Já a reverência do diretor Joss Whedon pelas personagens fica bem clara desde o início, pois a primeira vez que Nick Fury aparece é em um contra-plongée que o torna assaz grandioso. Whedon também entende o propósito de AÇÃO OBLITERANTE do filme e mantém sua câmera sempre em movimento, até para acompanhar a marcação de cena (a galera normalmente fica em círculo). É uma direção segura, que, na maior parte das vezes, se atém a enquadramentos tradicionais e travellings, trocando para uma câmera mais chacoalhante quando a temperatura sobe (nas discussões, por exemplo) – entretanto, não chega a ser aquela câmera Mal de Parkinson tão difundida por Riddley Scott, o que permite que o público acompanhe bem as ótimas coreografias de luta, seja da quebradeira total (abraço, Hulk!) ou aquele estilo “só na categoria” (as brigas da Viúva Negra, que tem um estilo de luta meio ginasta, pulando e se desviando e sendo sexy). Whedon ainda consegue elevar o projeto a níveis de grandiosidade devastadores com apenas dois planos: um travelling circular que gira em torno do grupo quando eles formam um círculo (que está presente no trailer) e um plano sequência descomunal que fica “achando” cada herói no meio da pancadaria alucinada (momento que EXIGE que o espectador levante e dê socos na parece até ela cair para aliviar a adrenalina do corpo).
Os Vingadores ainda trabalha com efeitos especiais claramente feitos via MÁGICA (uma cambada de etês de outra dimensão, prédios sendo detonados por LESMAS METÁLICAS GIGANTES e tudo parece real), uma fotografia que realça bastante as cores (e que ainda utiliza muito bem filtros vermelhos e amarelos no “retorno” do Gavião) e uma direção de arte certeira, tanto ao transformar uniformes e bugigangas em coisas plausíveis (apesar de ser completamente futurista, a tecnologia vingadorística possui design e cores modernas, ajudando a tornar mais crível coisas tipo aquele porta-aviões/VENTILADOR) como ao ilustrar a personalidade dos sujeitos através de pequenos detalhes (as roupas surradas de Banner ou as vestimentas antiquadas que o Capitão usa).

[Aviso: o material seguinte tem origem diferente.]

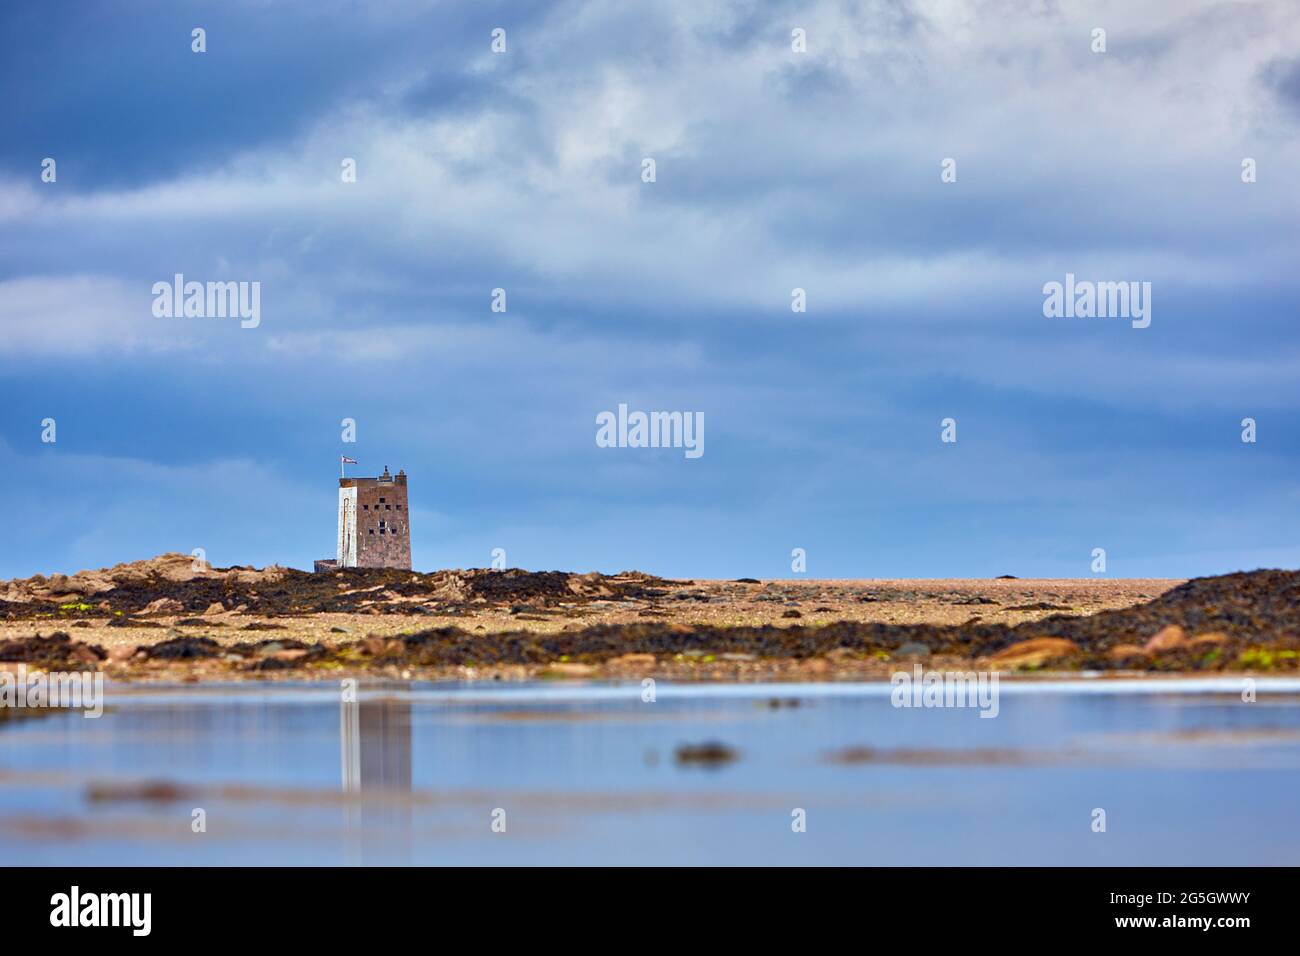 Image de la tour Seymour avec ciel nuageux et réflexion dans la piscine avec des ondulations. Jersey, îles Anglo-Normandes. Mise au point sélective Banque D'Images
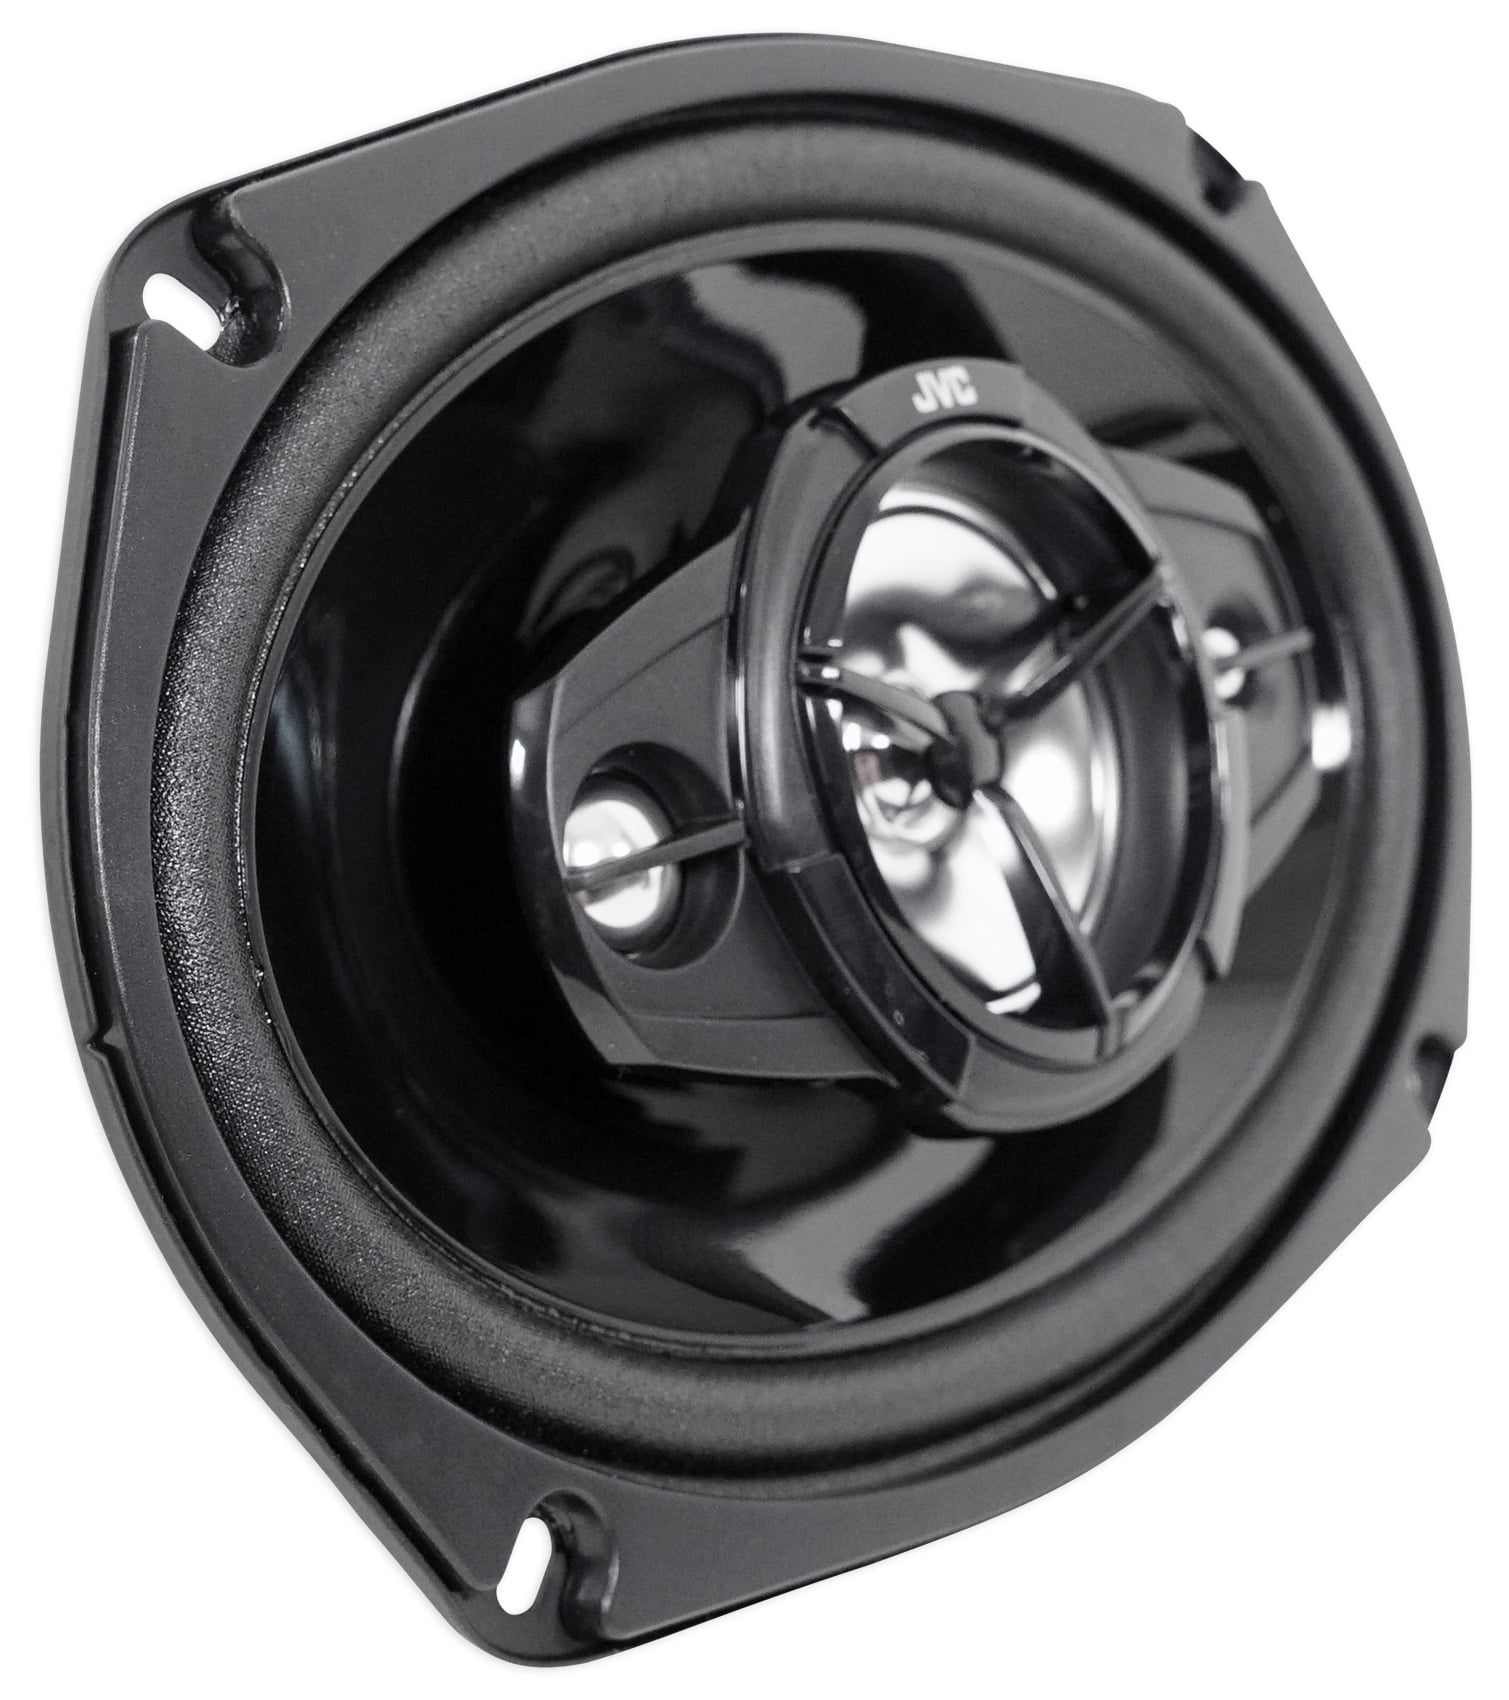 New JVC CS-DR6940 6x9 2200 Watt 4-Way Car Stereo Audio Speakers 4

Pura vitória.
Claro que nada disso seria o suficiente se o elenco fosse composto por simples trogloditas fantasiados, o que não é o caso: a homogeneidade das atuações envolve o grupo em uma grande bolha de carisma, fazendo com que o público goste individualmente de cada personagem e queira vê-los interagindo cada vez mais em grupo. Os destaques vão para Mark Ruffalo, que constrói um Banner temeroso através de trejeitos inquietos e um tom de voz baixo e contido; Scarlett Johansson, que confere personalidade à Viúva Negra e mantém a personagem sempre interessante (reparem como seu cansaço no meio da batalha, sem necesariamente preceder uma queda ou derrota, ajuda a ilustrar a força dos inimigos que enfrenta); e Tom Hiddleston, que foge do clichê ao tornar Loki um vilão passional e ressentido, mas sempre ameaçador.
Mas, óbvio, quem sempre rouba a cena sequestra a cena e a deixa em cativeiro até sair dela é Robert Downey Jr.. Seu Tony Stark é vibrante, elétrico, sempre agindo ou reagindo ao que acontece. A forma despretensiosa com que faz revelações brilhantes, ilustrando a inteligência absurda da personagem, só rivaliza com seu timing cômico desconcertantemente genial. Não é apenas que os melhores momentos do filme pertencem ao Homem de Ferro: Downey Jr. FAZ os melhores momentos do filme. E colocar seu talento em diálogos inspirados como “tua mãe sabe que estás vestindo as cortinas dela?” (Shakespeare humilhado sem dó nenhuma) é um tiro tão no alvo que merecia medalha de ouro nas Olimpíadas.

Isso até pode surgir como um certo “problema” para a franquia, uma vez que o Capitão América é o líder do grupo, mas Tony Stark é o verdadeiro astro. Consigo até ver a dinâmica entre ambos crescendo e, talvez, até se tornando parte do plot da história nas próximas sequências. Porque me parece óbvio que vão existir sequências. E não apenas pelo limpa trilho de bilheterias que Os Vingadores inevitavelmente se tornará, mas também porque o filme é uma base sólida, eficiente e cativante, sobre a qual dezenas e dezenas de tramas podem ser construídas. Afinal, a união dos maiores heróis da Terra (após o Batman)  fez jus ao seu título: juntos, entregaram um dos maiores (e melhores) filmes do ano.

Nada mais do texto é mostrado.